Zaire - Fiquei dominado pela tristeza por João Lourenço, em quem confio para criar para nós um verdadeiro país, tão grande é a sua missão, quando li a seguinte afirmação, muito oficial, no comunicado do MPLA, após os acontecimentos mortíferos em Cafunfo em janeiro deste ano: "Para além de que, quando se fala de assimetrias regionais, não devemos falar apenas do leste do país e por ser uma zona de produção de diamantes, até porque a principal fonte de receitas em divisas do país é o petróleo. No entanto há regiões produtoras de petróleo e que são pouco desenvolvidas, caso da província do Zaire”. Os observadores mais atentos denunciaram, alguns só com murmúrios, a qualidade medíocre do comunicado, por isso não quis perder tempo a comentar tanta falta de espessura intelectual num só documento. Mesmo que essa falta de profundidade intelectual tenha chegado a nos permitir ler esta enormidade: "Não é realista e justo pensar-se que, em apenas 45 anos, os sucessivos governos de Angola independente já deveriam ter feito a correcção dessas assimetrias, o que os portugueses foram incapazes de corrigir durante mais de cinco séculos. Roma e Pavia não se fizeram num dia”, que basicamente significa, “não podemos alcançar em 45 anos o que os portugueses não conseguiram em 5 séculos”.
Fonte: Club-k.net
O MPLA assume assim, muito claramente, que o seu único barómetro para medir o seu desempenho é o Portugal colonial, que fielmente substituiu. Vemos por estas linhas que este partido não tem, ou já não tem, um único cérebro bem treinado capaz de o fazer evitar afirmações preocupantes e perigosas. Estamos longe do MPLA da geração de Manuel Rui, que era mais subtil na forma, embora a substância fosse a mesma, e que pensava acima de tudo na boa propaganda e não em roubar o povo.

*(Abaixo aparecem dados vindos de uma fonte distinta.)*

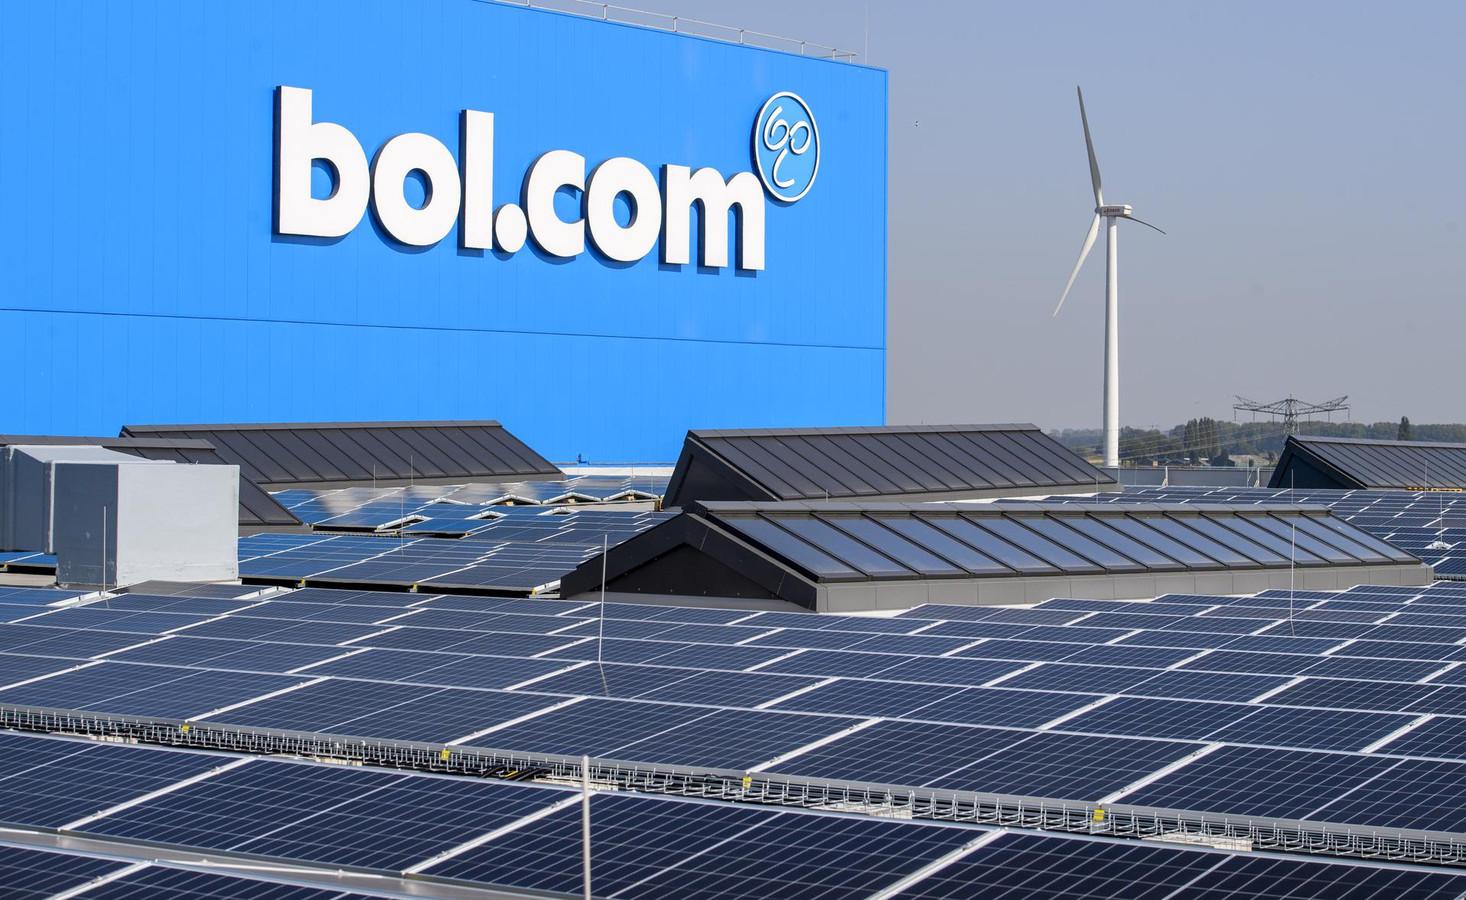 De 13.000 zonnepanelen op het dak van bol.com brengen jaarlijks 4 gigawatt aan energie op.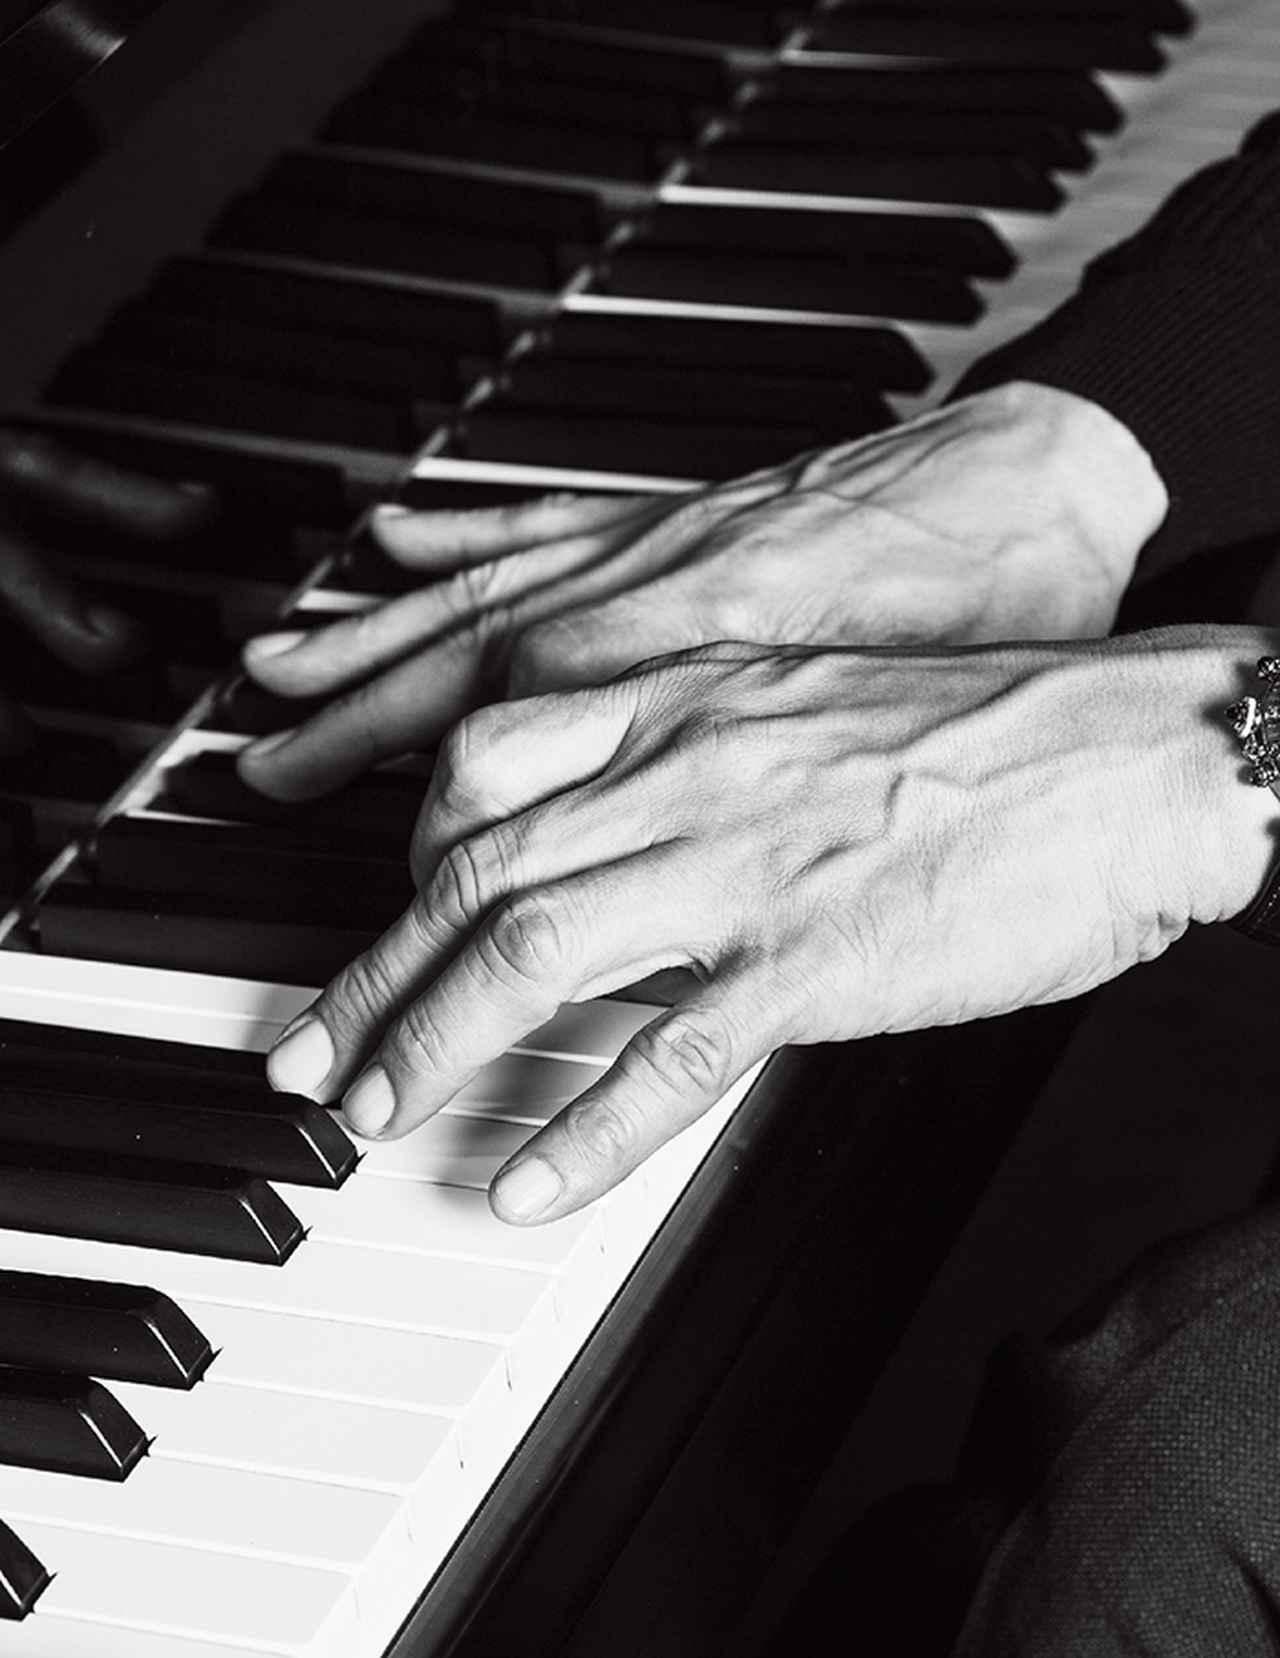 Images : 3番目の画像 - 「坂本龍一が語る、 自身が今作りたい音楽について」のアルバム - T JAPAN:The New York Times Style Magazine 公式サイト

É, pois, óbvio que os redactores do MPLA não sabem que Portugal era nosso inimigo e que não tinha interesse em desenvolver o nosso país, Angola, além de construir estradas para transportar as matérias-primas e os bens que viera buscar no nosso país, bairros bem ordenados, com escolas e hospitais, para os seus soldados, colonos e as suas famílias. Como pode então o MPLA ignorar que comparar a sua actuação à frente do nosso país, desde a Independência, com a do Portugal colonial equivaleria a assumir uma contradição surpreendente para um movimento que afirma existir apenas para a felicidade do povo angolano? Ou, para reformular esta questão importante, porque me recuso a acreditar que neste grande partido todos os cérebros estão avariados, como tal absurdo poderia ser publicado oficialmente? Que distracção reina hoje neste movimento histórico para cair tão baixo de forma tão brutal e obtusa? Outra pérola? Aqui está: "nem mesmo Portugal pode hoje reivindicar, perante as autoridades angolanas, a existência de um protectorado seu, algures em Angola". No MPLA ninguém foi capaz de ver que o uso do "nem mesmo" diz implicitamente que Portugal é mais legítimo do que as nossas regiões ou qualquer filho de Angola quando se trata de reivindicar uma independência ou um "protectorado", pois nos imaginários dos novos ideólogos desse partido a ideia é concebível. Bom dia, tristeza!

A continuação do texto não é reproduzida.